Less than 24 hours earlier, and just a few metres from the home, the 67-year-old was killed. A construction vehicle ran her over. It’s something her family said has shattered them.
“Stunned, shocked, broken,” Martel said. “We’re just holding each other up. We’re at a loss for words.”
Police said they’re investigating after a hydrovac truck struck and killed the woman just after 3:30 p.m. Tuesday.
‘A very traumatic scene’
Insp. Erik Johnson said it’s believed the woman was out for a walk when she was hit by the truck in front of her home. He said the driver of the truck told police she did not see the pedestrian.
“It’s absolutely devastating,” Johnson said, noting the police department’s victims service unit was brought in to speak to the family of the victim right away.
“It was a very traumatic scene. The driver of the truck is absolutely devastated as well, and it’s never easy on our police officers either to see such a scene.”
Johnson said there were no witnesses of the crash, and the police department’s major collision unit is working to determine what happened.
“There is no indication that the driver of the truck was speeding or impaired,” police later said in a news release.
Johnson added that police believe Smith was killed instantly when she was hit.
Neighbours say they’re devastated by what they saw.
“It is something we’re never going to get out of our minds,” said Em Ayoubi, who lives across the street.
Ayoubi said neighbours were frantic after the collision.
“People were going into houses, calling each other, saying, ‘Is it you? Are your kids OK? Where is everyone?’ People were looking for their own kids inside their houses. Everyone was freaking out and panicking,” Ayoubi said.
When she discovered who had died, the grief set in even more. Ayoubi said she was very close with Smith.
“She’d come over for tea and coffee, sit with us, and talk about anything. She loved animals. She loved our pet,” said Ayoubi.
“She had a lot of friends in the neighbourhood. Everyone knew her as bubbly and happy, always smiling. Everyone really liked her.”
In the middle of all the grief, Ayoubi and several other people living along the residential street say they have construction safety concerns.
“Why wasn’t anyone watching? Why was she alone? Why weren’t there any construction workers around?” said Ayoubi.
Other neighbours say when such large construction vehicles are working in a residential neighbourhood, they’d like to have spotters assigned to guide the big trucks around.
Crews were working on a fibre-optic cable installation for Telus when the collision happened.
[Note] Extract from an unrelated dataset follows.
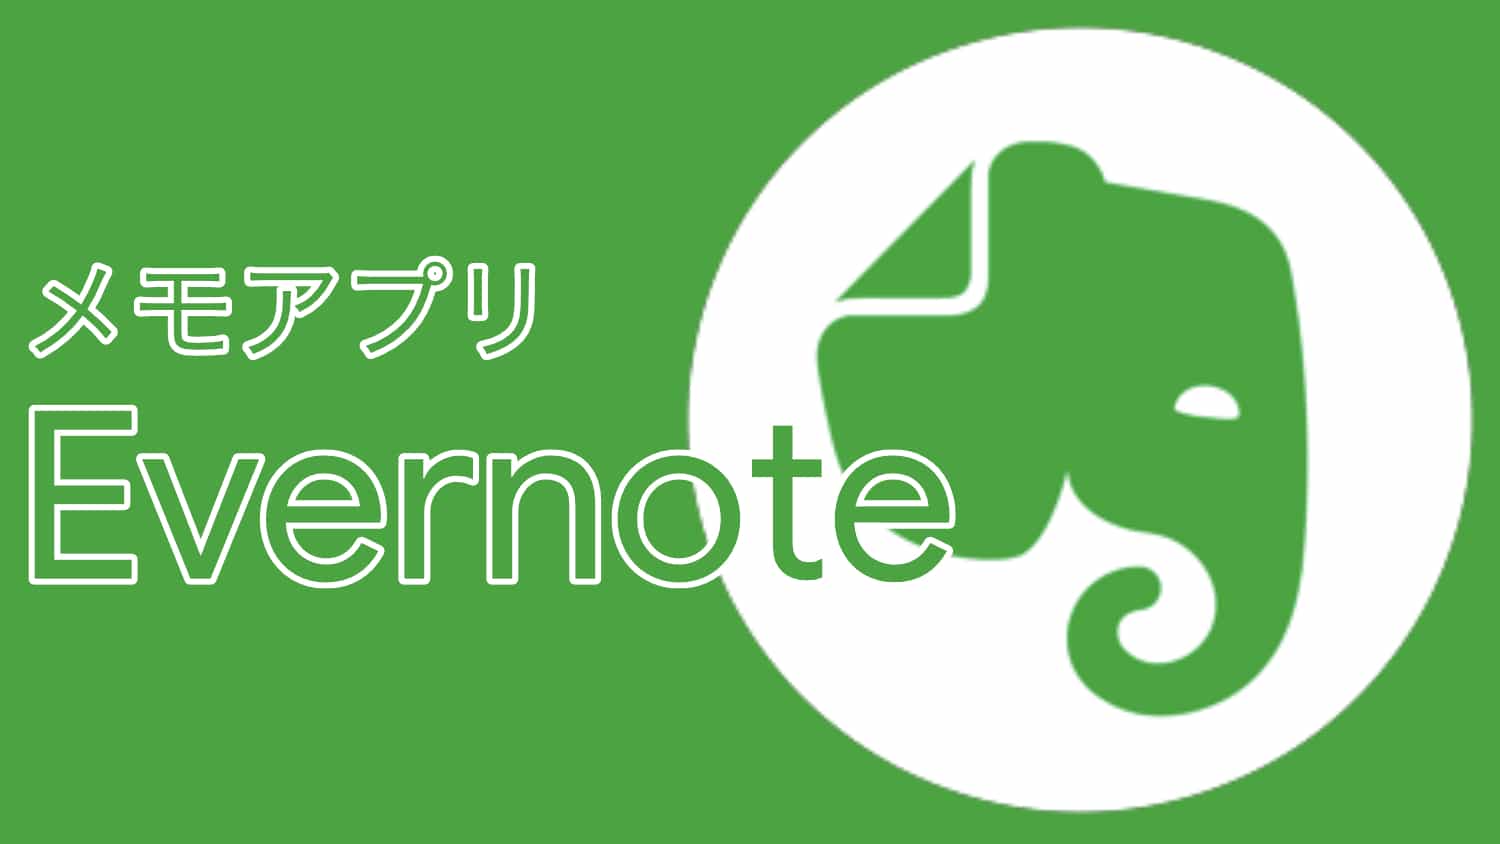 メモアプリは今までどおり Evernote を使うことにしました
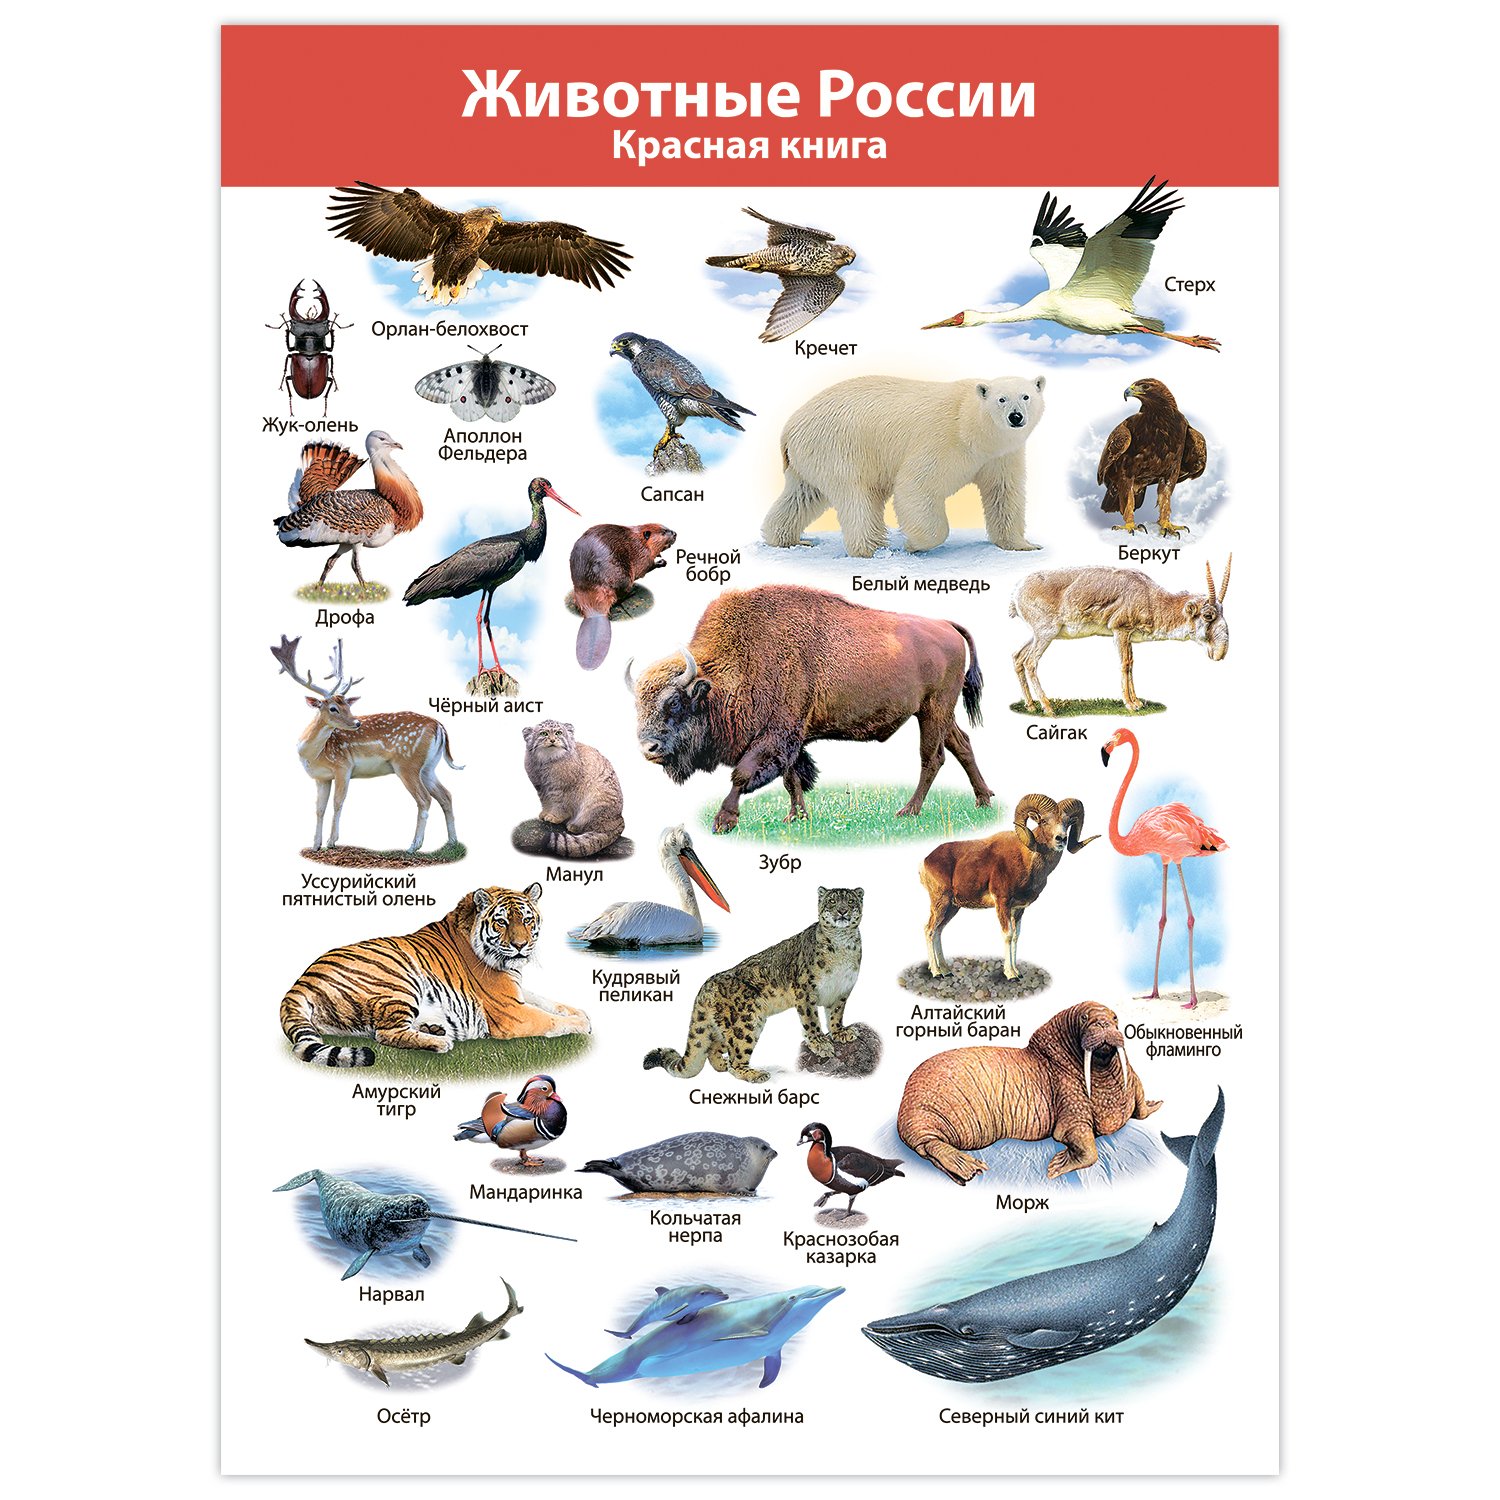 Обитатели северной америки. Плакат. Животные. Животные Северной Америки. Плакат с животными. Животные севера плакат.

In a statement to Global News, a Telus spokesperson wrote: “We are deeply saddened by yesterday’s tragic event. The health and safety of the community and workers are of the utmost importance to us, and all of our partners are trained to follow rigorous safety protocols. We are working closely with our contractors and the Edmonton Police Service as this investigation continues.”
Smith’s family takes comfort in each other and in their faith.
“My auntie Cathy is a believer in God,” said Martel.
“She’s with her son Christopher, who passed away 14 years ago tomorrow. She’s with her mom and dad and so many other people.
“I know she’s safe, and I know that she wants me to say that she’s safe.”